I noticed that the word seemed to belong to a larger family. Authorship. Authenticity. Authorization. The resemblance felt too close to ignore.
An author originates something. An authentic thing comes from its true source. To authorize is to grant permission.
I looked up the origin and found the Latin auctor,, meaning master, leader, or author.
Authority, suddenly, began to feel less like power and more like a question.
What gives a person permission to trust their own experience?
I don’t mean confidence. Confidence seems to get all the attention, but I have met plenty of confident people who are not especially interested in listening to themselves. What I am describing feels different.
For a long time, I thought the work was understanding.
Not only understanding myself. Understanding was the whole instrument. It was what I did for a living and what I was good at: analyzing, explaining, interpreting, tracking, revising. I was very interested in why I felt what I felt and where it came from and what it meant. I was at least as interested in the same questions about everyone else.
Understanding was my competence.
Which is part of why what shifted felt so disorienting.
I became interested in listening.
The distinction sounds small. It did not feel small. Understanding is often an activity performed upon experience. Listening is a relationship with it. One is trying to reach a conclusion. The other is trying to make contact.
Around that time, I began practicing Focusing, a method built around paying attention to something felt but not yet fully known. I was struck by the discipline of staying close to a person’s description long enough for it to become more accurate.
This was surprisingly difficult for me.
I had spent much of my life around interpretations. Helpful ones. Loving ones. Intelligent ones. I had also been raised around a very top-down kind of psychiatric intelligence. The world I knew was very good at meeting experience with knowledge: identifying it, classifying it, explaining it by what was already understood.

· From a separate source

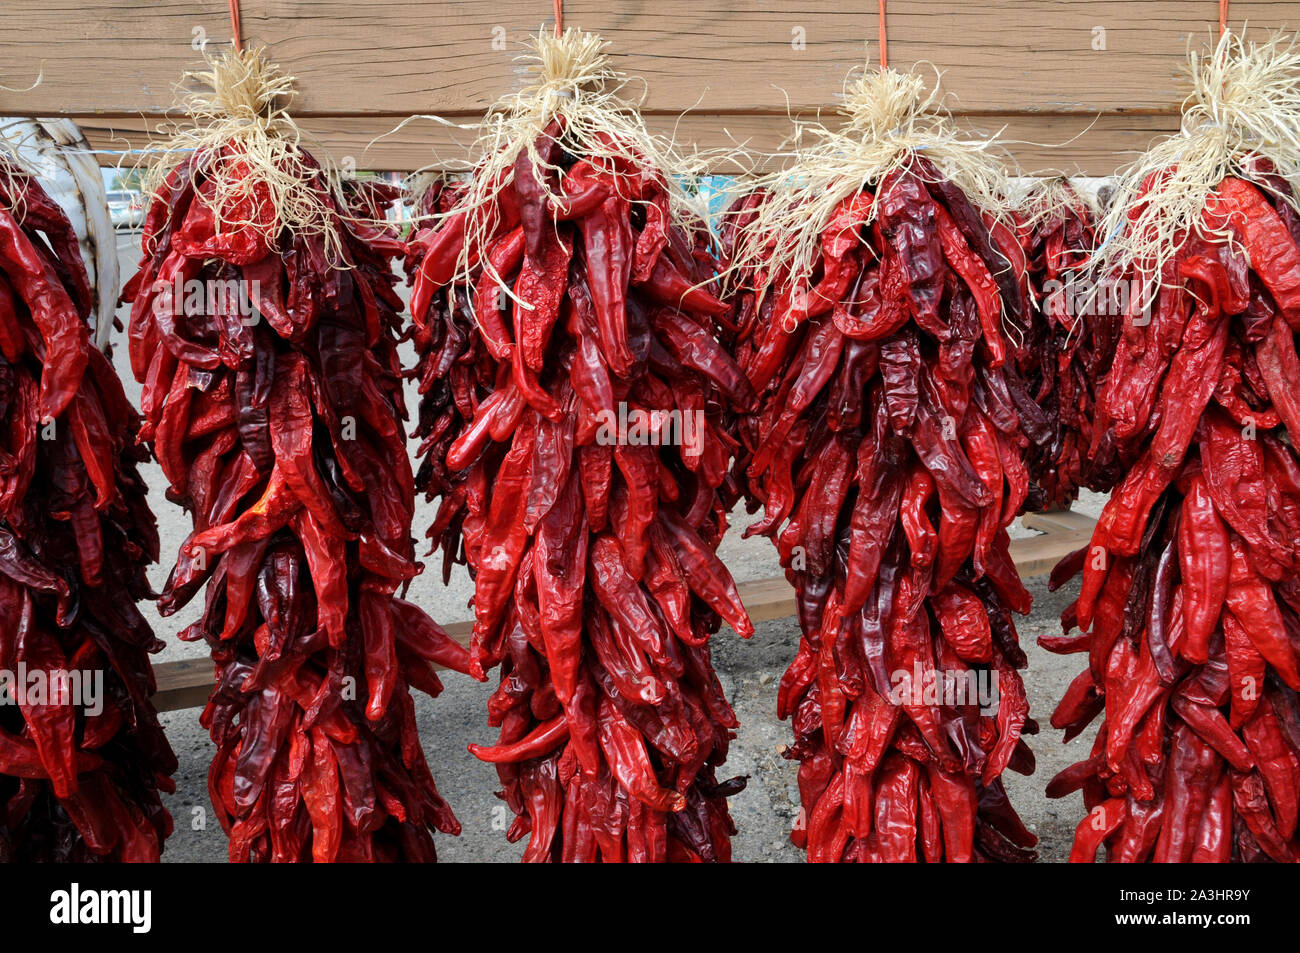 Chile (chille) peppers drying ouside a store in the town of Taos New Mexico USA. Stock Photo

So I was allergic, at first, to the language of the body:
Where do you feel that?
What happens if you stay with it?
What does it want you to know?
These questions provoked in me something like a reflexive repulsion. They seemed to ask for something impossible and something embarrassing at the same time. I had trusted language, analysis, pattern recognition, explanation. Now I was being asked to listen from somewhere else.
What was unfamiliar was not the idea that the body had feelings. What was unfamiliar was the possibility that my experience contained information before anyone explained it.
That sounds obvious now.
It did not feel obvious then.
I wondered what has to happen for someone to feel ease in claiming such a thing. I thought about how authority may be less a trait than a history: a history of taking your own experience seriously enough to discover that it contains information.
Some histories teach this early. A child says this is what I see, this is what I want, this is what happened to me, and is met, believed, or at least taken seriously. Over time, the child learns that originating is safe.
Other histories teach the opposite. That to originate is to overstep. That the authority was always going to be someone else’s. That the safest thing was to become an accurate instrument for reading what other people needed.
You can spend a long time being very good at that before it occurs to you that your own experience was a source the whole time.